Week 13
Cathedral Model vs Bazaar Model
According to Eric S. Raymond in his book The Cathedral and the Bazaar, free software development follows one of two different models: the cathedral model or the bazaar model.
In the cathedral model, the source code of a software is made available to the public after each release, but during development (between releases), the code is only available to some software developers. Examples of software whose development follows the cathedral model are GNU Emacs and GCC.
In the bazaar model, the source code of a software is always made available to the public, and unlike in the cathedral model, the code is developed by the public over the internet. Examples of software whose development follows the bazaar model are the Linux kernel and the project my team is working on, freeCodeCamp.
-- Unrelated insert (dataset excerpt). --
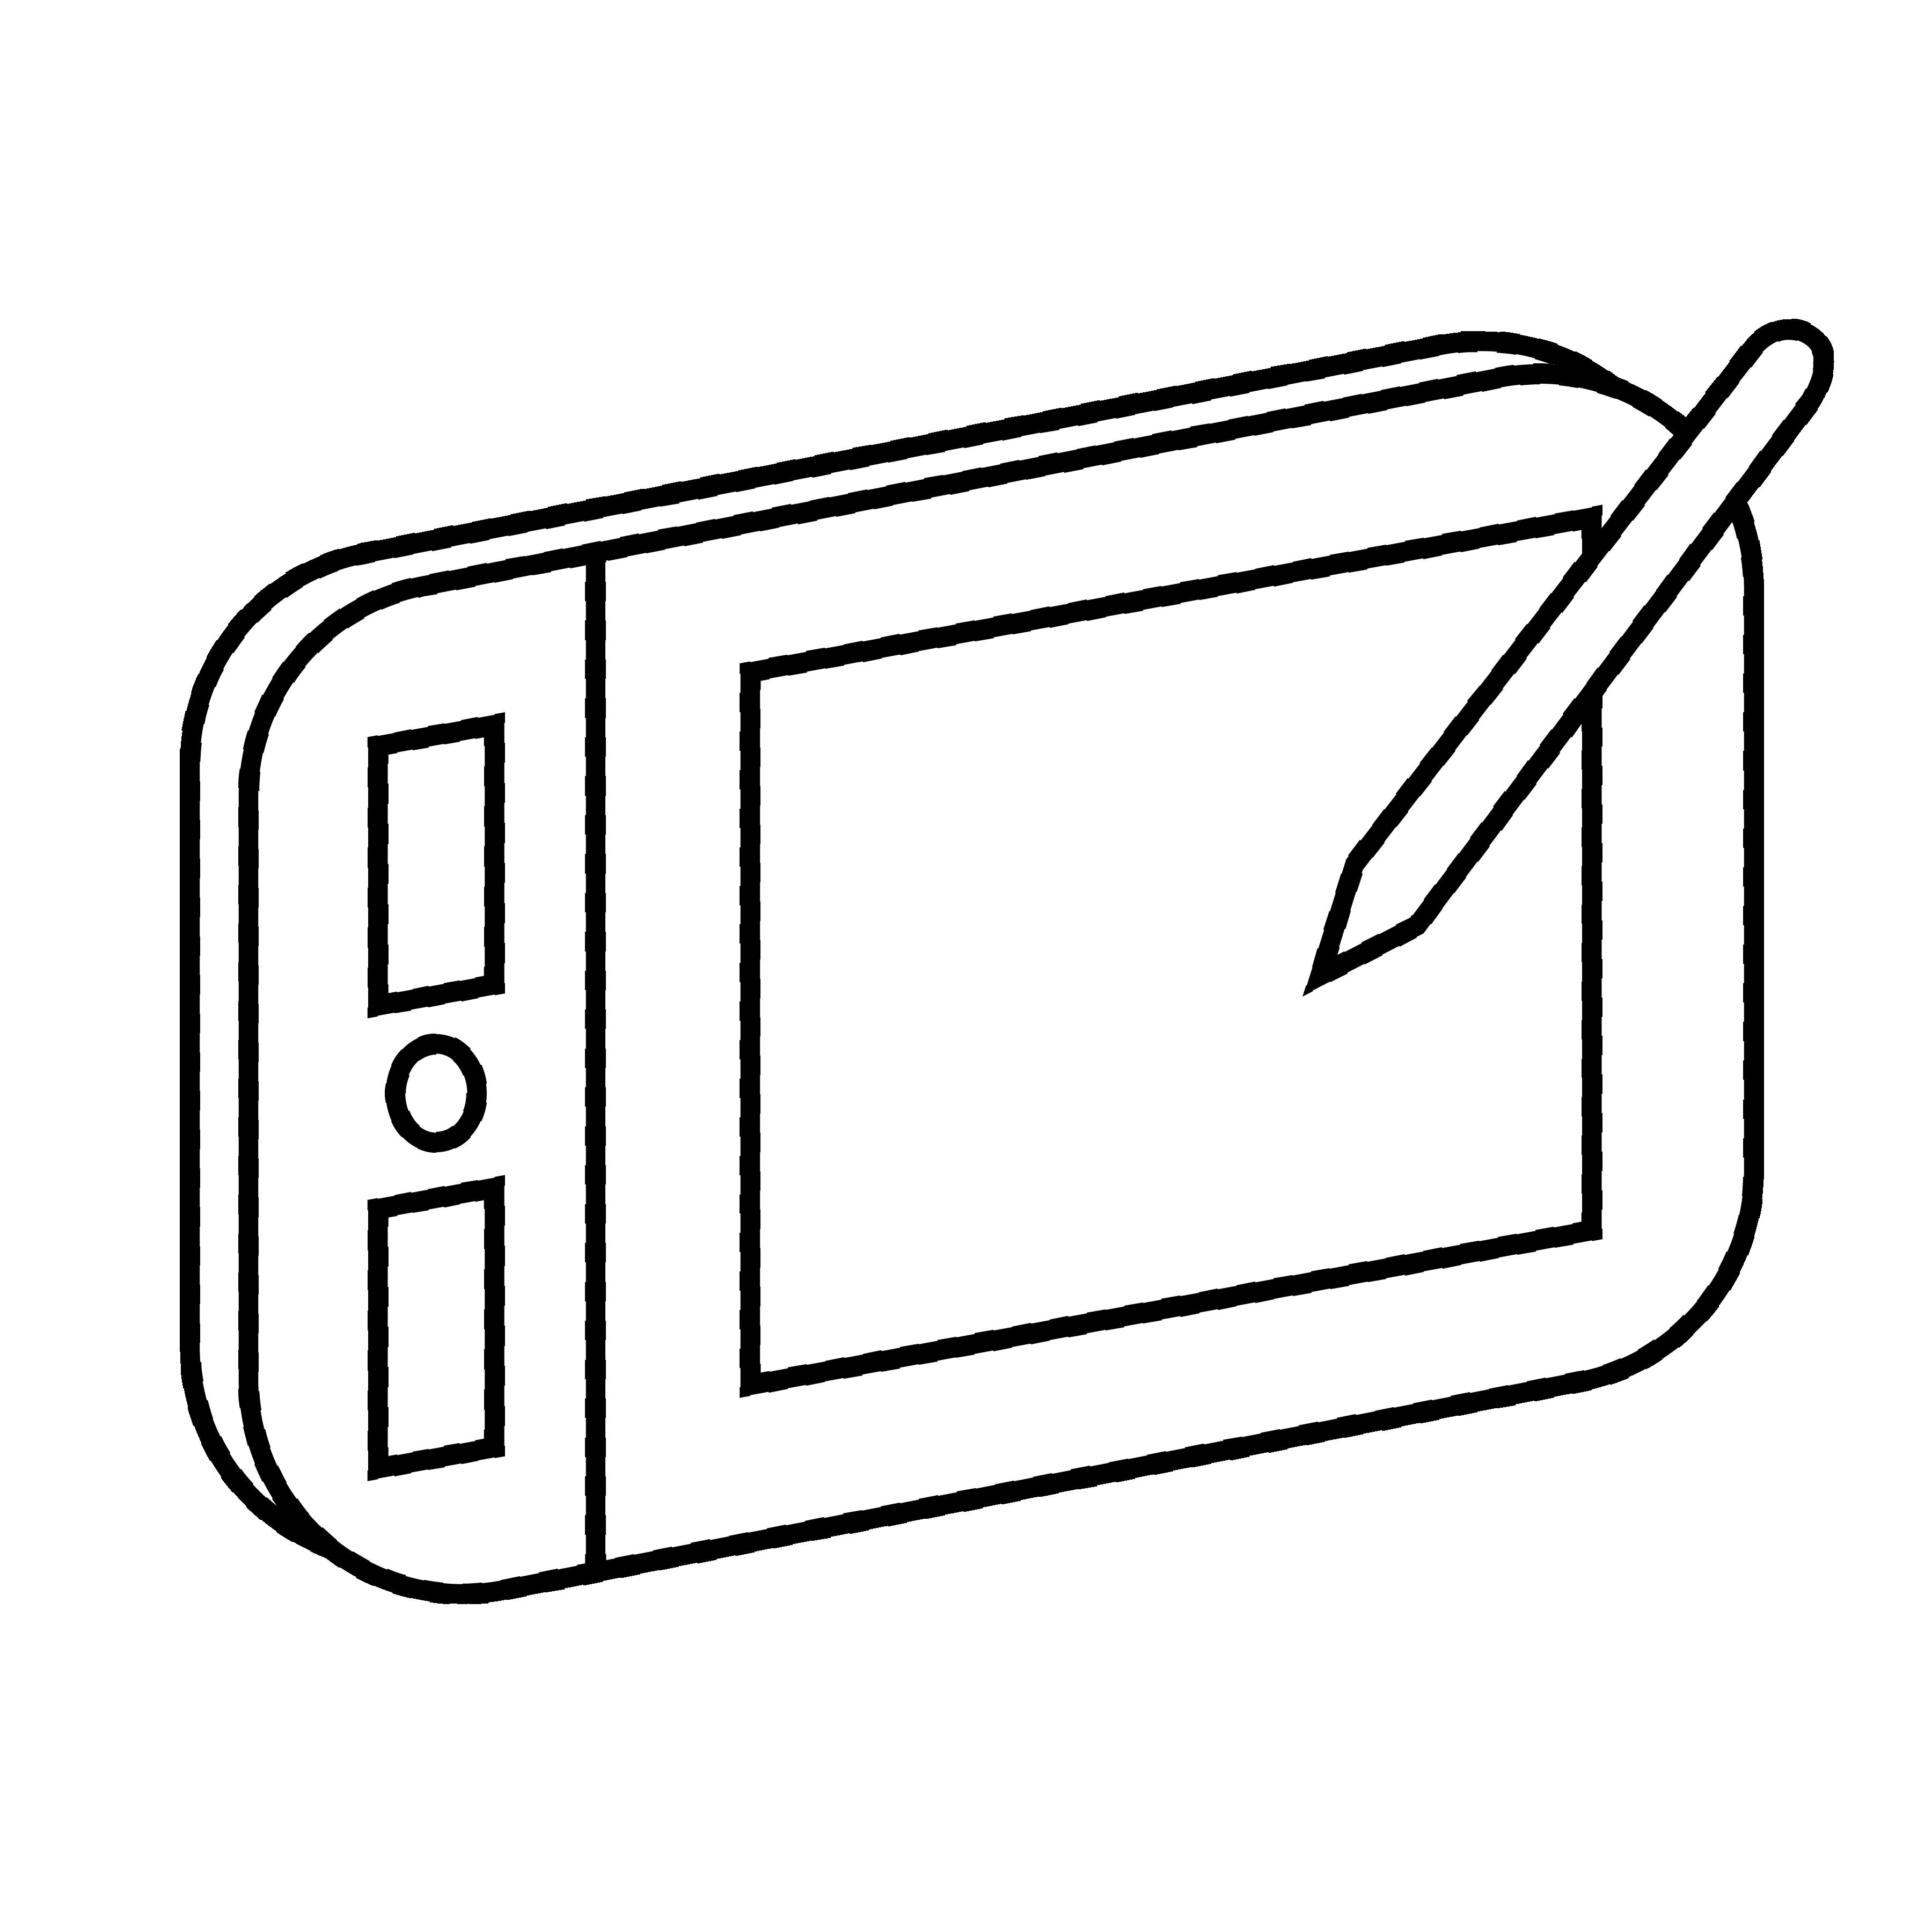 Image corresponding to Design service

After having spent some time in the bazaar style of development, I personally prefer the bazaar model over the cathedral model. As Raymond states in his book, “given enough eyeballs, all bugs are shallow.” I completely agree with him on this - from personal experience, I’ve seen and reaped the benefits of having other people on a project find and fix bugs that I first missed when I wrote some code. It is also great to have multiple perspectives on a project because more ideas are generated that way (as the saying goes, “more heads are better than one”).
Summary of course-related activity
Friday, April 26
No class.
Tuesday, April 30
We discussed advanced Git workflow techniques such as merging and rebasing, as well as collaboration workflow basics. We then started an activity to practice complex collaboration workflows on GitHub.
Contributions
I closed the pull request from last week (here) since it was open for about two weeks, and I already had more changes since then. I then created a new pull request (here) that combined those changes with the work from my previous pull request. Now I just have to wait and hope that my new pull request gets merged. Until then, I am planning on adding more JavaScript guide articles that are missing from freeCodeCamp.